Up until this point almost all cases that had been decided related to allegations of fraud. The very nature of on-demand bonds had made this the case since the employer does not have to prove default of the contractor, merely state that it has occurred. However the court in this case denied that injunctive relief was only available in cases of fraud. It was held that the defect notices submitted by Ensus did not amount to a pending or previously notified claim for the purposes of the conditions attached to the bond. As such, and because SCL had reserved its position from the start, the bond was null and void from the date the Acceptance Certificate was issued. It was true that the bond had been extended pending the investigations into the odour problems but SCL had been unequivocal on reserving its position regarding the bond from the start. SCL had shown it had a serious issue to be tried and that it had a very strong case.

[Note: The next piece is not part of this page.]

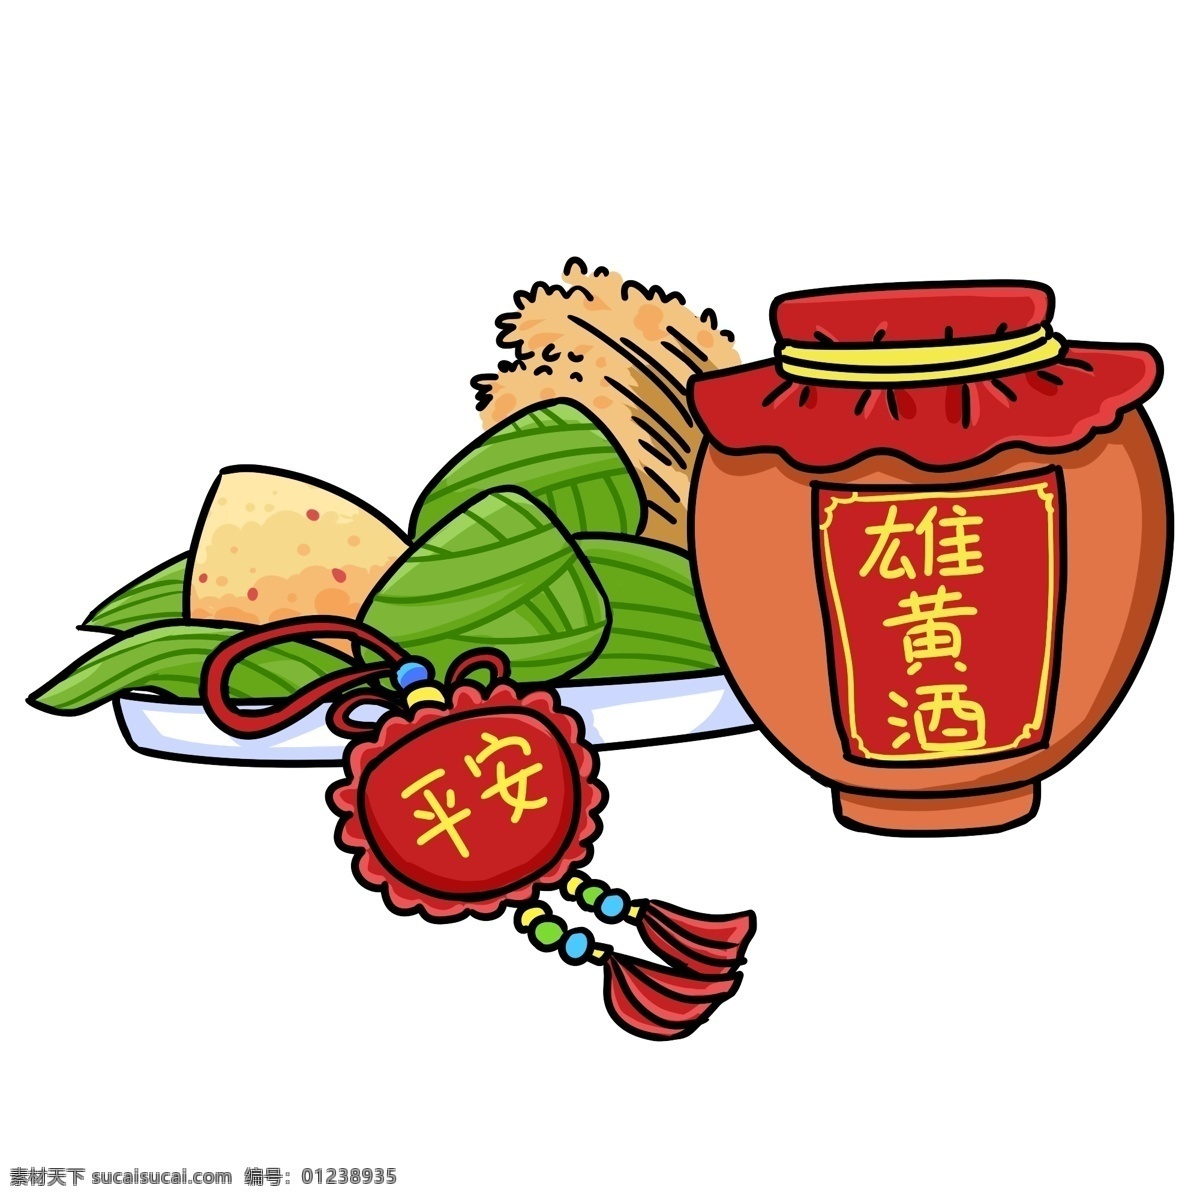 端午节 节日习俗 雄黄酒 粽子 传统习俗

The court denied that a stricter test than the general principles governing injunctive relief need be applied and as such the injunction was to remain in place. In applying the general principles the court decided that SCL could not be compensated by damages. The damage to its commercial reputation, standing and creditworthiness if the bond was called upon would be difficult to quantify. But the preservation of the status-quo meant that the bond needed to be continued pending the outcome of odour investigations. Although Ensus had to withdraw its call on the bond and were prevented from calling for so long as the injunction continued, SCL also had to ensure that the bond did not expire until a final resolution of the odour problems had been reached.
So what does this mean for the future of on-demand bonds? Will we see more successful resistance to calls made on such bonds being upheld by the courts or will they shy away from this decision?
Given the current climate and the fact that every penny counts together with a potentially more pragmatic attitude on behalf of the judiciary we may well now see more resistance to calls on on-demand bonds. Whilst this will be good news to contractors, employers who accept on-demand bonds with conditions attached should be aware that if those conditions are not met and they do not comply with the proper procedures for calling on a bond, they may well find that the bonds are shaken but not stirred. This promises to make 2012 an interesting year.